For subjective measures, questionnaires were used. As detailed below, the questionnaires were applied using a pre-test, post-test, or pre-test and post-test methodology, depending on the questionnaire. Their purpose was to evaluate the effect of the environment, virtual and real, on one or more dependent variables. As an objective measure, participants’ HRV was used. This provides a way to measure participants’ stress continuously during the duration of the environment.

3.1 Sample

The initial sample of this study consisted of 12 participants aged between 18 and 47 years old (M = 32.08, SD = 9.31). All participants were firefighters under training. This was necessary because the selected training exercise is part of the firefighter training programme and is not available to the public. Of the twelve firefighters, nine were males, and three were females. A total of nine participants reported having normal vision, while three reported having corrected-to-normal vision. All participants reported normal hearing. Regarding VR experience, eight reported having some type of experience with VR, while four reported never having had any experience with VR. In the HRV analysis, the sample was reduced to eight participants because four participants could not attend the scheduled date for the exercise in the RE. Of these eight, seven were males, and one was female. Their ages ranged between 18 and 48 (M = 32.25, SD = 10.85). Only one had normal-corrected vision, and all had normal hearing. The sample was reduced to eight in the HRV analysis because four participants could not attend the scheduled date for the exercise in the RE. The impossibility of all attending on the same date reinforces the need and advantage of the VE in allowing participants to carry out the exercise when they want and how many times they want.

3.2 Materials

A total of four setups were used during this study: Baseline Environment (BE), Habituation Environment (HE), Virtual Environment (VE) and Real Environment (RE). The purpose of each environment and the materials used are presented in Table 1.

Table 1 Purpose of each setup and materials used

A common material in all environments was the VitalJacket (Cunha et al. 2010). A wearable biomonitoring platform that can capture medical-grade ECG exams in real-time (Fig. 1). To extract HRV data, an ECG analysis software from Bio-Devices S.A. was used (Biodevices 2019). This software was used to detect the “R” points of the ECG waveform and to extract the RR interval (time between two consecutive “R” peaks in the ECG). The RR intervals were verified if they were physiologically correct, as proposed by (Clifford et al. 2006). The RR intervals that had physiological acceptance were normal-to-normal (NN) intervals. To follow the guidelines from the European Society of Cardiology task forcend the North American Society of Pacing and Electrophysiology (Camm et al. 1996), different HRV time and spectral domain parameters were used in this study.

Fig. 1
figure 1

VitalJacket and electrodes used in the experiment

The complete firefighter uniform used in the RE consists of boots, pants with braces, an undershirt, a coat, a full facepiece, a helmet, and a Self-Contained Breathing Apparatus (SCBA). With the adapted uniform, care was taken to use as much equipment as possible in the HE and VE. However, some elements were not used, namely: boots, full facepiece, helmet, and gloves. The boots were not used for logistical reasons. During the virtual tests, the trainees did not have the uniforms assigned. In addition, the full facepiece and helmet were not used because it was not possible to use them simultaneously with the HMD. To replace the full facepiece, an MSA Advantage 410 half mask was used, which allowed the participant to breathe compressed air from the SCBA cylinder and, at the same time, free the upper part of the face so that the HMD could be placed—see Fig. 2 for a visual comparison of the two masks. Regarding the firefighter gloves, these were replaced with regular gloves to allow participants to have greater sensitivity in the use of the hand controllers.

Fig. 2
figure 2

Full face mask used in the RE (left) and half mask used in the VE (right)

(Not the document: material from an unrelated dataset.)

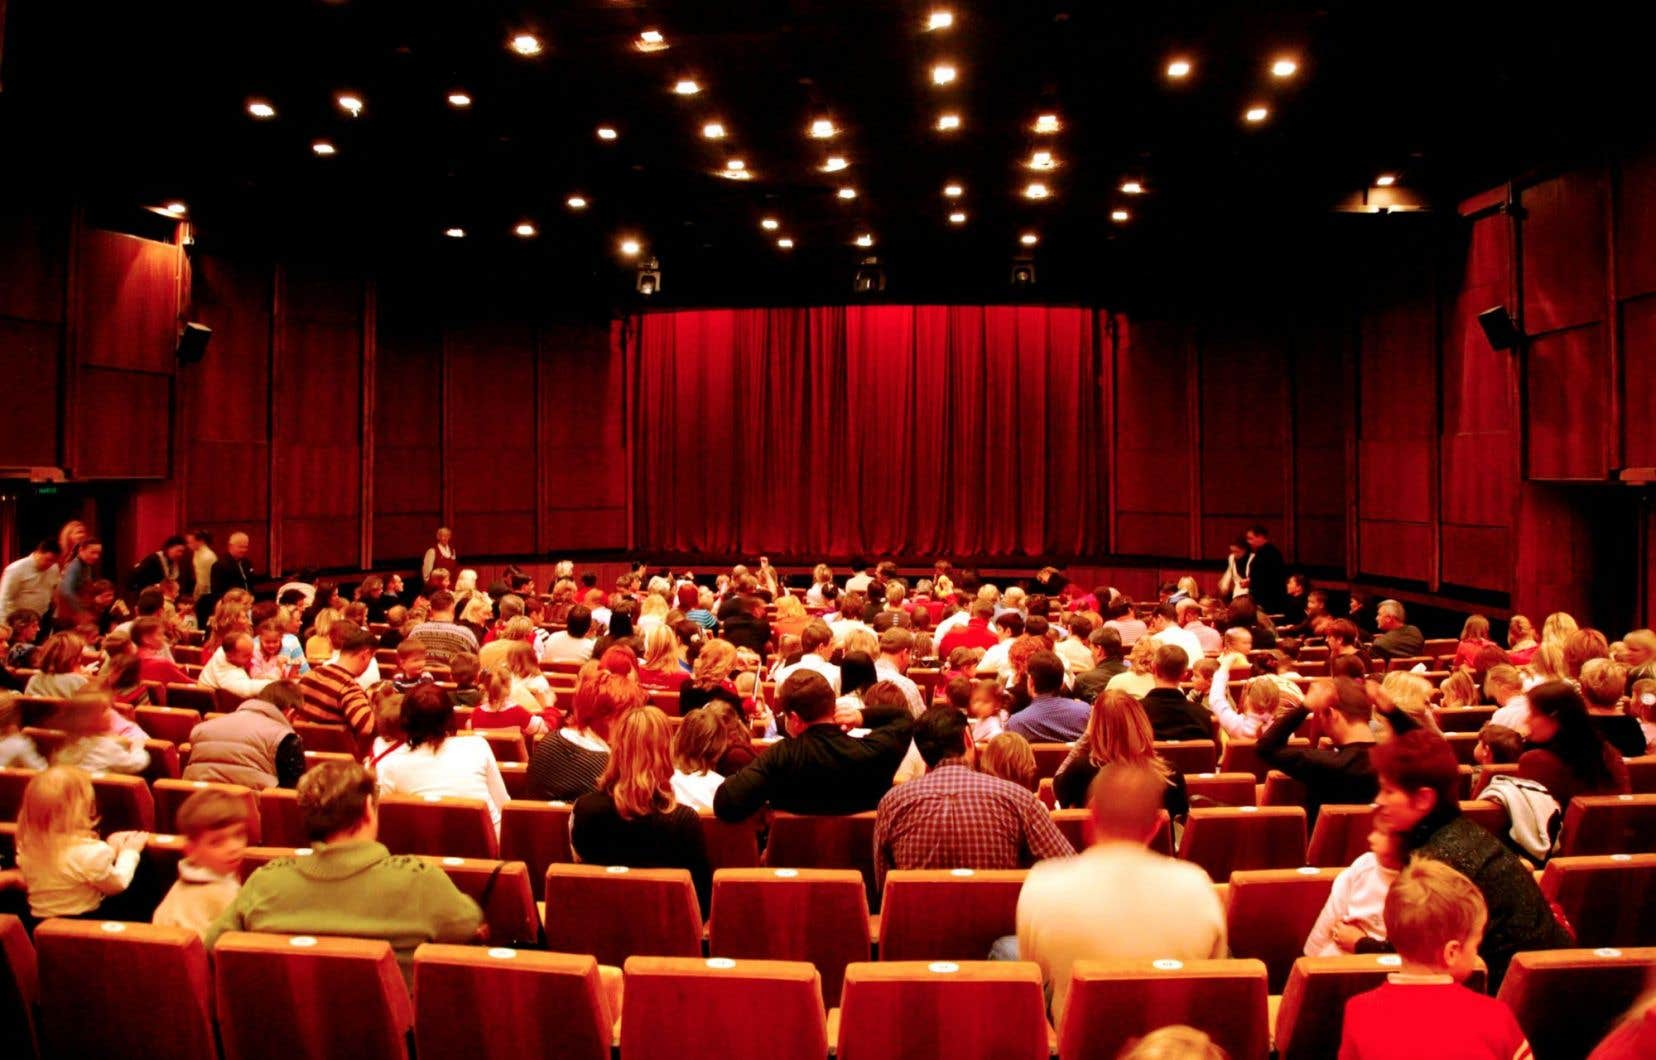 Hollywood domine le jeu sur grands écrans chez nous comme ailleurs.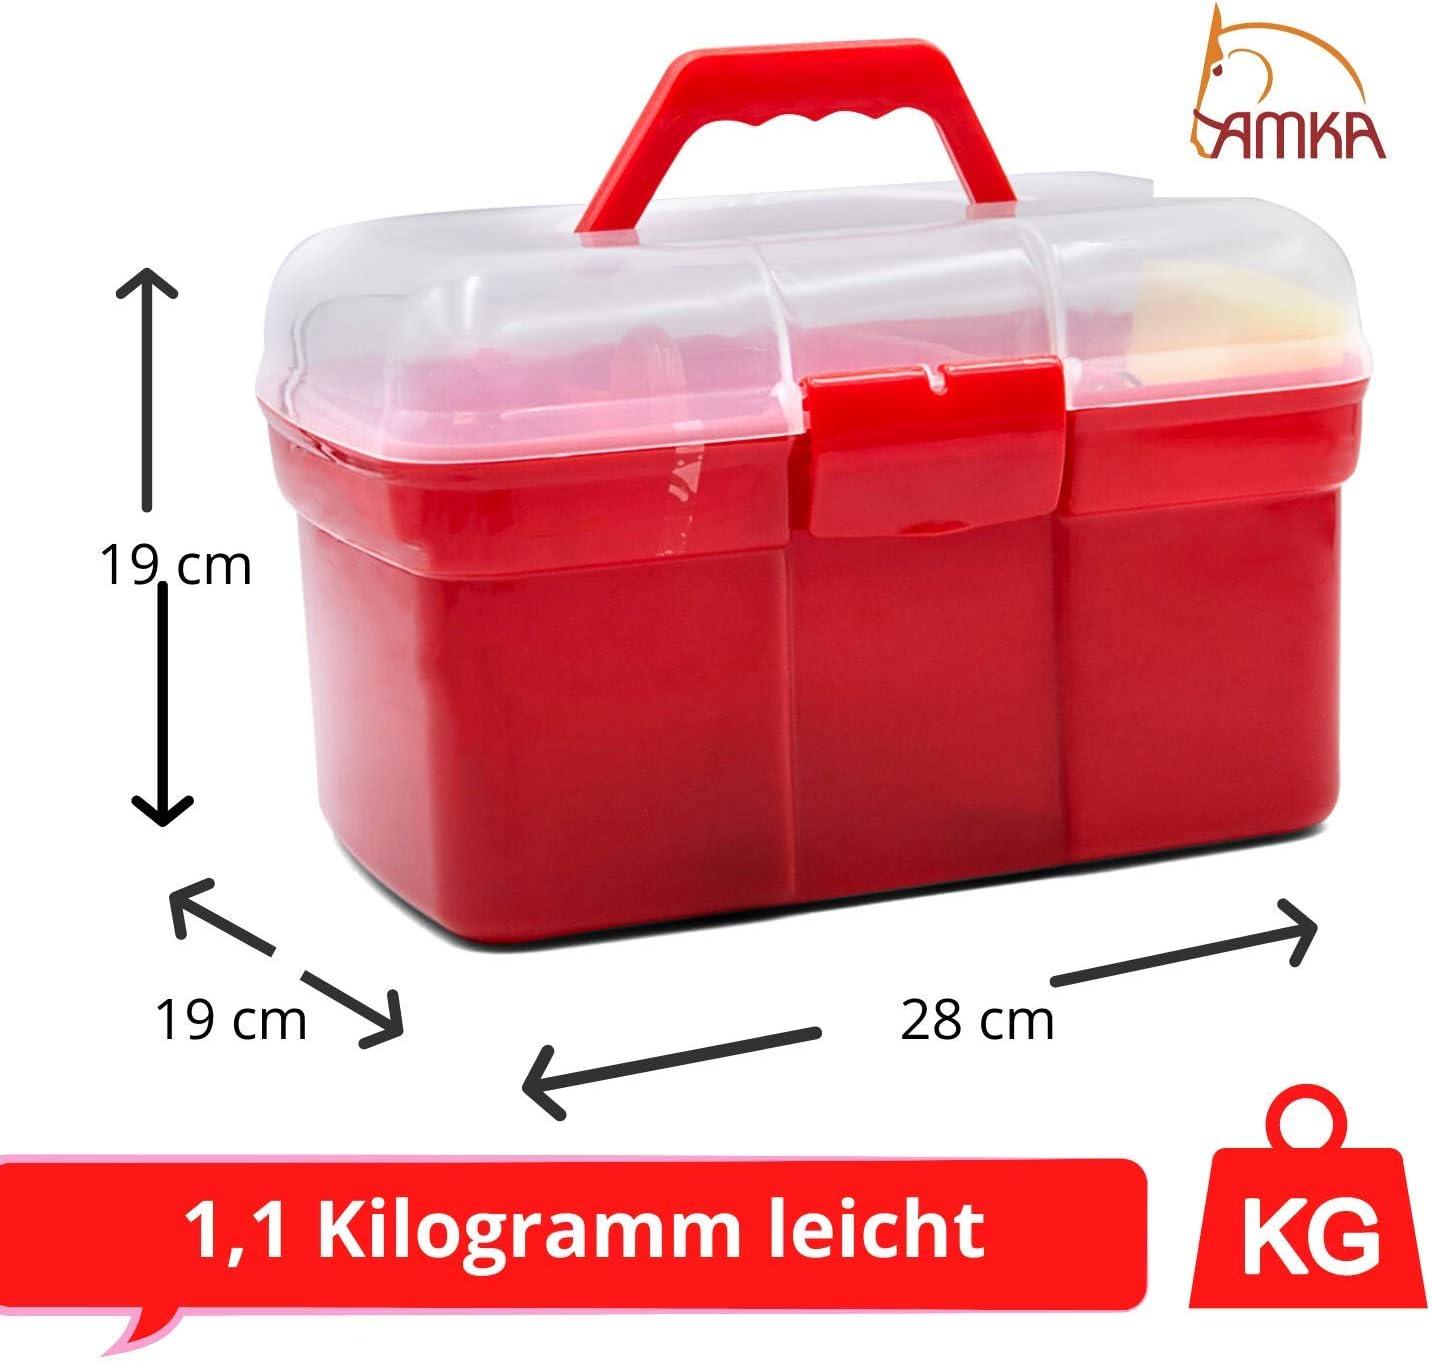 8 Farben zur Auswahl AMKA Putzbox f/ür Kinder Putzkasten Putzkoffer gef/üllt 7 Teile

The hand controllers used were HTC, and the HMD was HTC Vive Pro with the Vive Wireless Adapter, which allowed the participant to see and hear the environment while untethered.

The thermoelectric device consists of a 12 V Peltier cell that was placed under the right-hand glove. This device was used to simulate the thermal sensation on the back of the hand, a crucial component of the training exercise. This device was controlled by a custom Arduino-based system developed by Monteiro et al. (2020). For participants’ safety, the maximum temperature applied to the hand was 50°C.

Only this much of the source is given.